> DATASET SECTION:

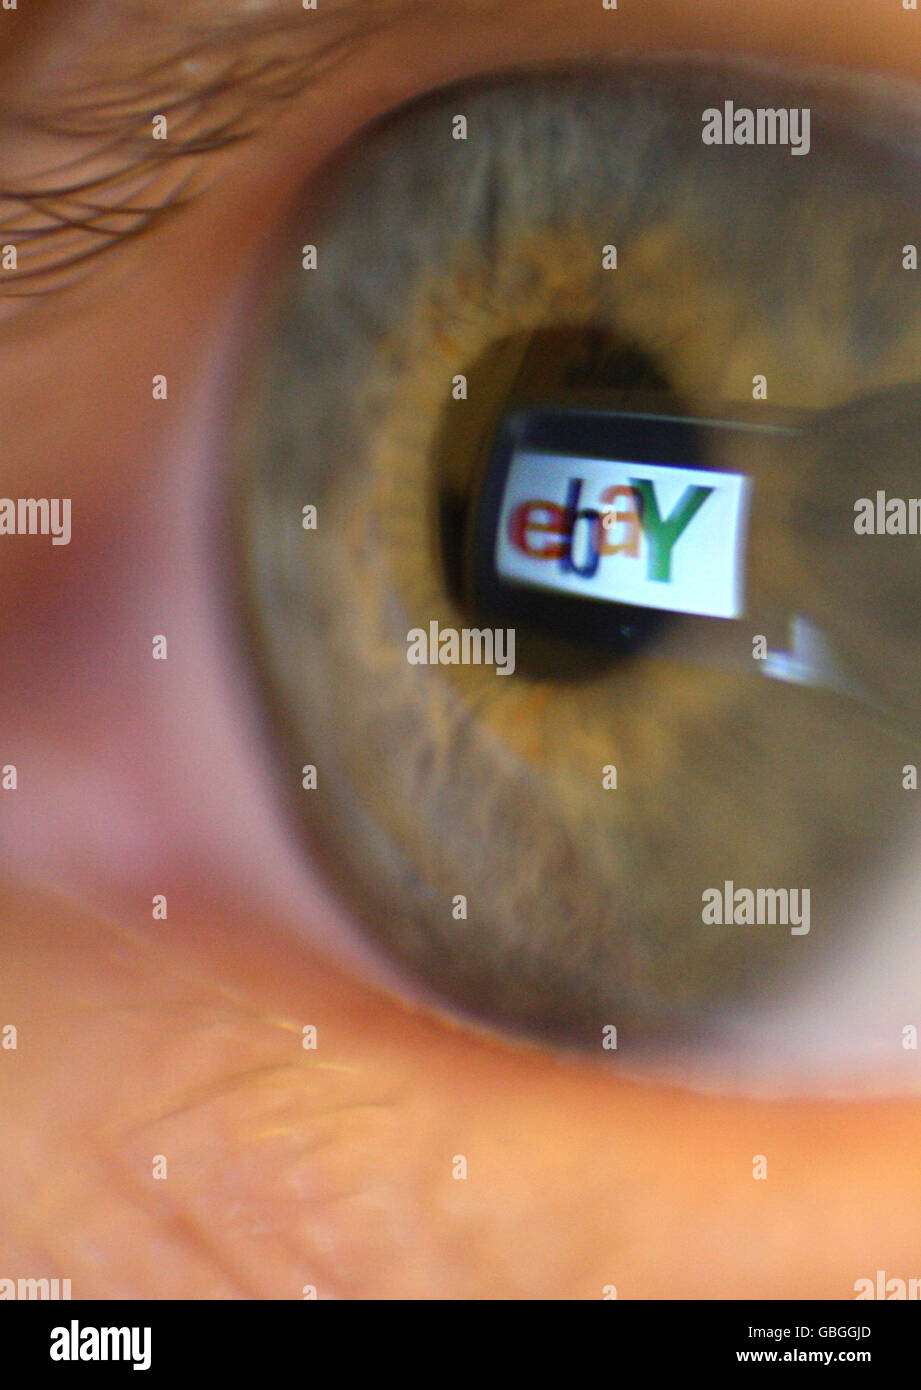 Stock de eBay. Una foto genérica del logotipo de Ebay visto reflejado en el ojo de una persona. Foto de stock
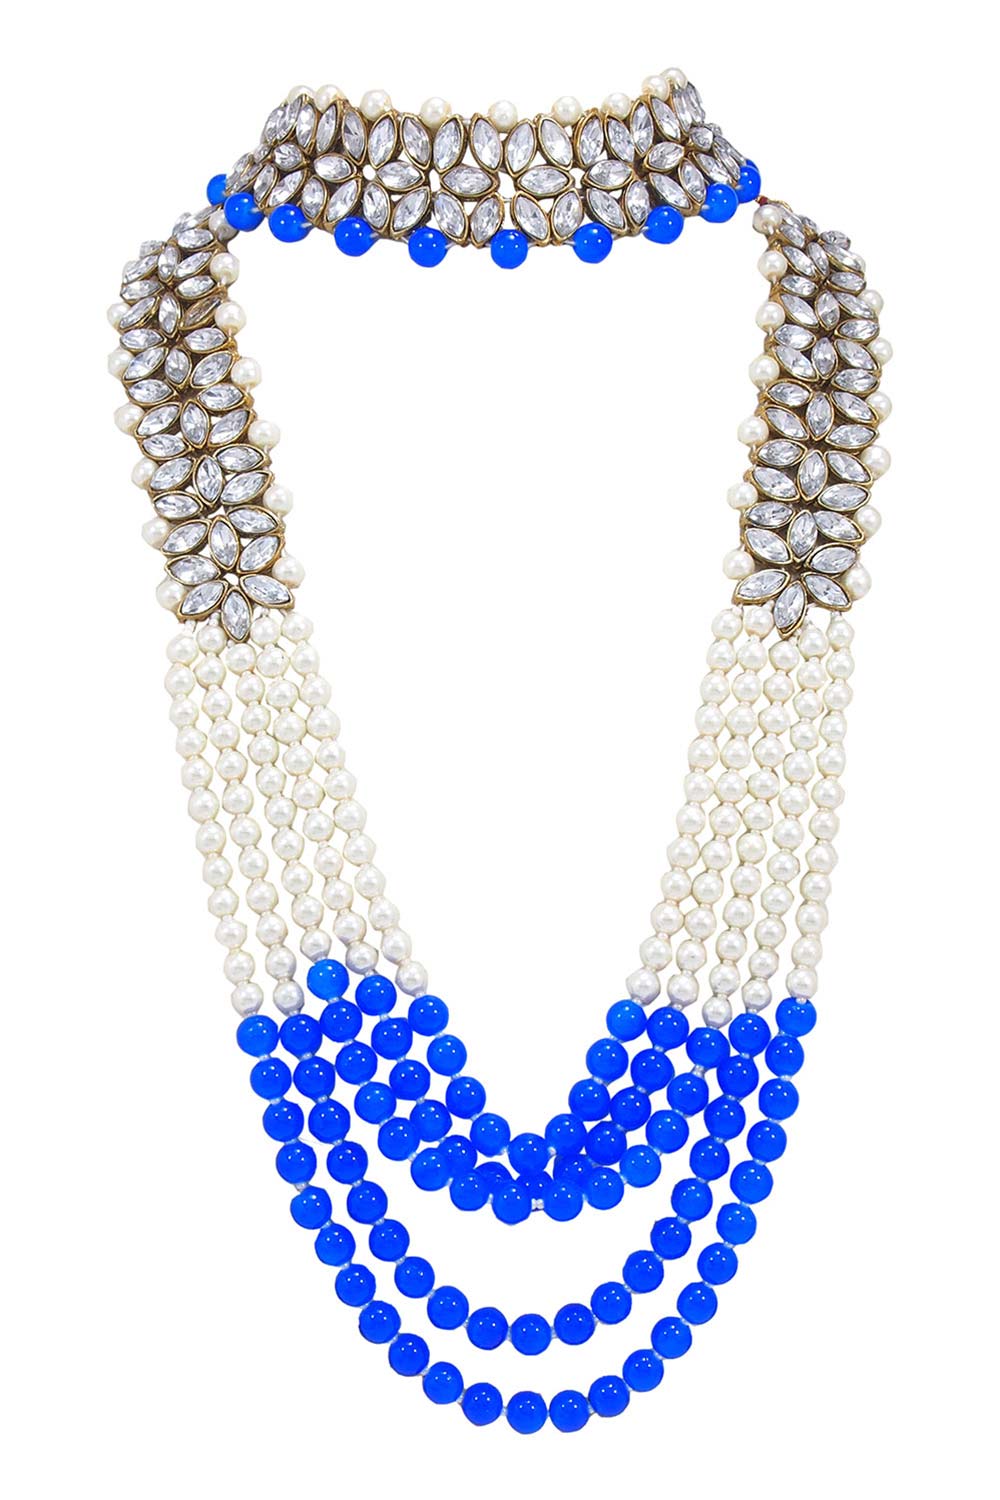 Buy Women's Alloy Necklace Set in Blue Online - Side
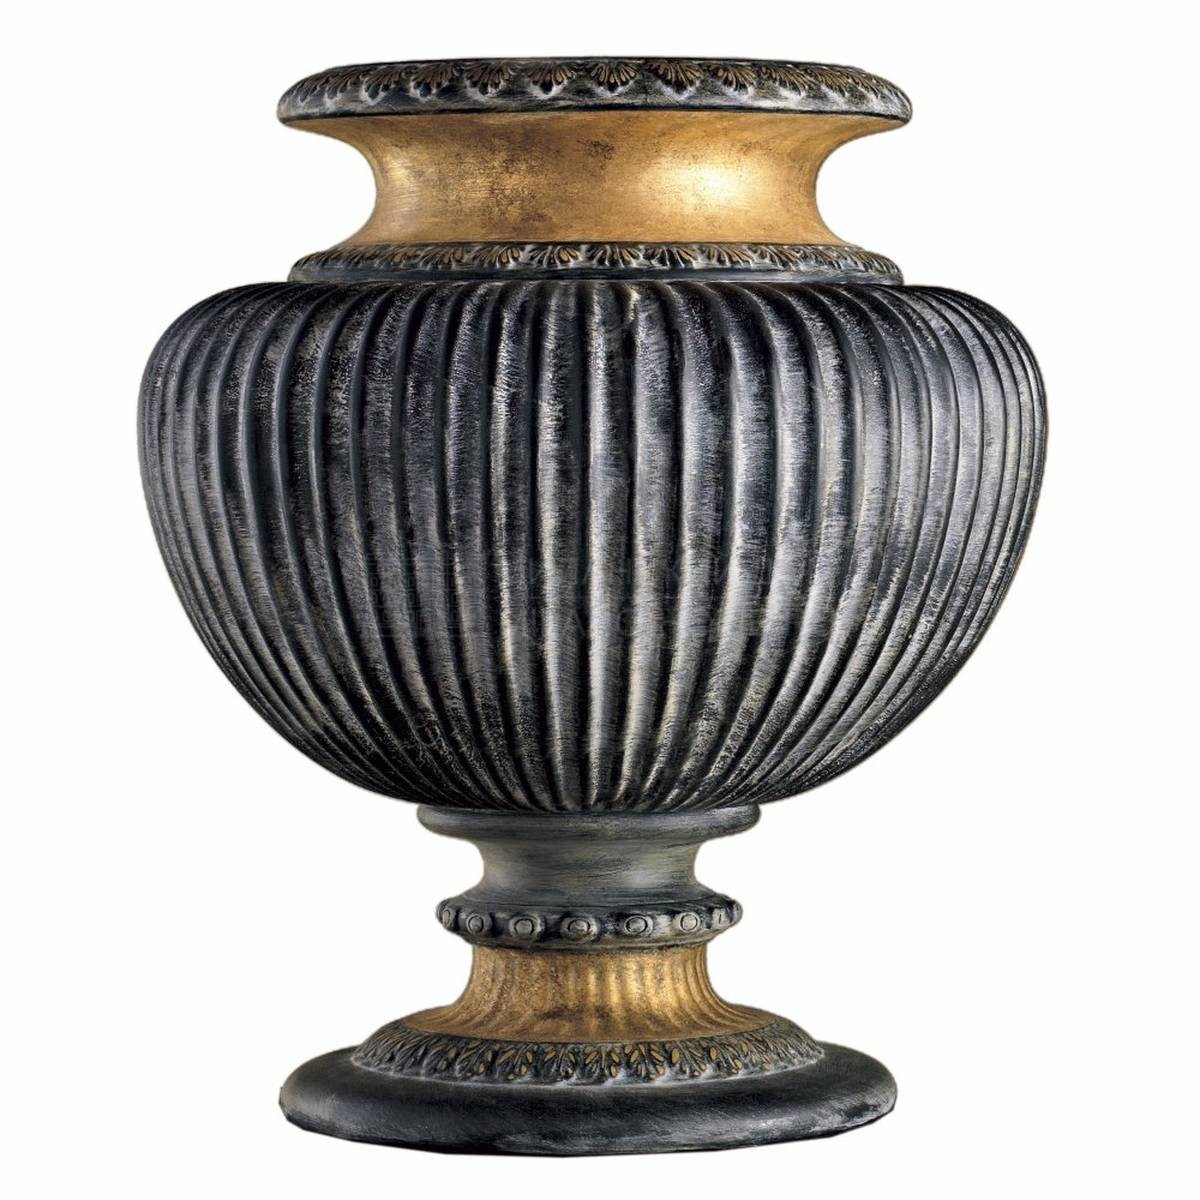 Ваза Perseo vase из Италии фабрики MARIONI

> WHAT TO WORK ON: Please repeat the lines above from the line containing "Buy Women's Alloy" through the final line, both included, exactly as they stand and without pictures.

> SOLUTION FOR THIS EXERCISE:
 Buy Women's Alloy Necklace Set in Blue Online - Side
 Ваза Perseo vase из Италии фабрики MARIONI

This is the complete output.